Десяток картин, от силы один зал – и глаза застилал кислотный туман: краски начинали пузыриться, темнели и тускли светильники, буравя мозг вольфрамовыми червяками. Как в те моменты я ненавидел своих родных и все музеи мира! Всю живопись, вместе взятую, я сжег бы на родном пустыре: в бескрайних просторах гольяновских новостроек, между штабелей строительных плит с оконными вырезами. Там, где прохладный ветерок колышет пожелтевшую полынь, где над желтыми ее соцветиями течет мучительно сладкий дым невидимых костров… Там, где я жил.

В музее шла иная жизнь. В нем происходило публичное наслаждение живописью: утром – с шарканьем и зевками смотрителей; днем – под авторитетные выкрики экскурсоводов, смех и гомон; вечерами, случалось, – под фортепианную музыку.

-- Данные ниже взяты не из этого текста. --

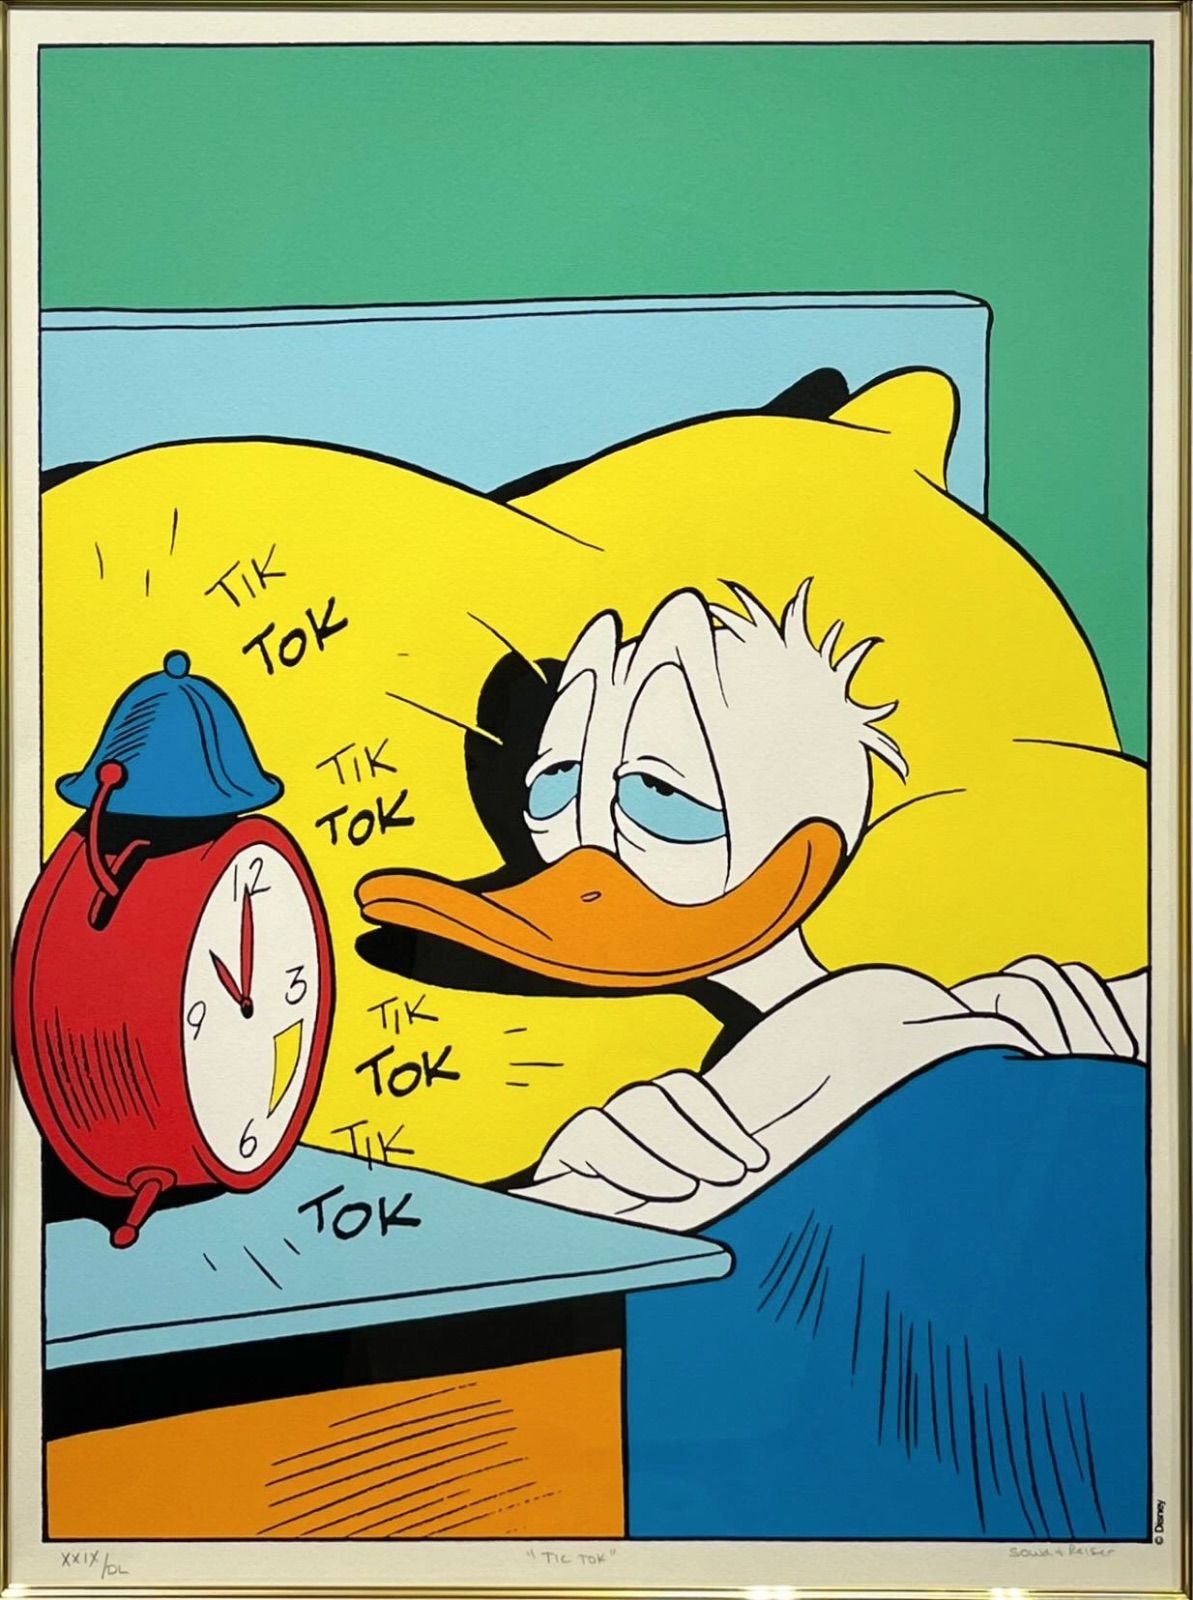 送料無料】SOWA&REISER『TIC TOK』 Donald Duck ドナルドダック ...

Люди приходили, расслабленно бродили и уходили, получив от искусства что-то свое.

Но наша семья с толпой не смешивалась! Мы двигались плотной группой, поглядывая не без снобизма на другие снобистские семьи. У нас всегда был подготовленный план-маршрут. По объему интеллектуального насыщения эти походы в ГМИИ им. Пушкина могли сравниться лишь с обедами Гаргантюа, где на первое подавали весь Древний мир. Щами это нельзя назвать, для слизистых супов чересчур много сюрпризов; наверное, ощущения были ближе всего к похлебке из фундука с фуа-гра и трюфелями.

Я особенно любил греческие залы, наполненные потемневшими гипсовыми слепками. Слепки не «фонят» величием, они просто и скромно несут в себе пронзительную красоту оригинала. Жаль, слишком быстро мы проходили места «восковых поделок», как называл их отец.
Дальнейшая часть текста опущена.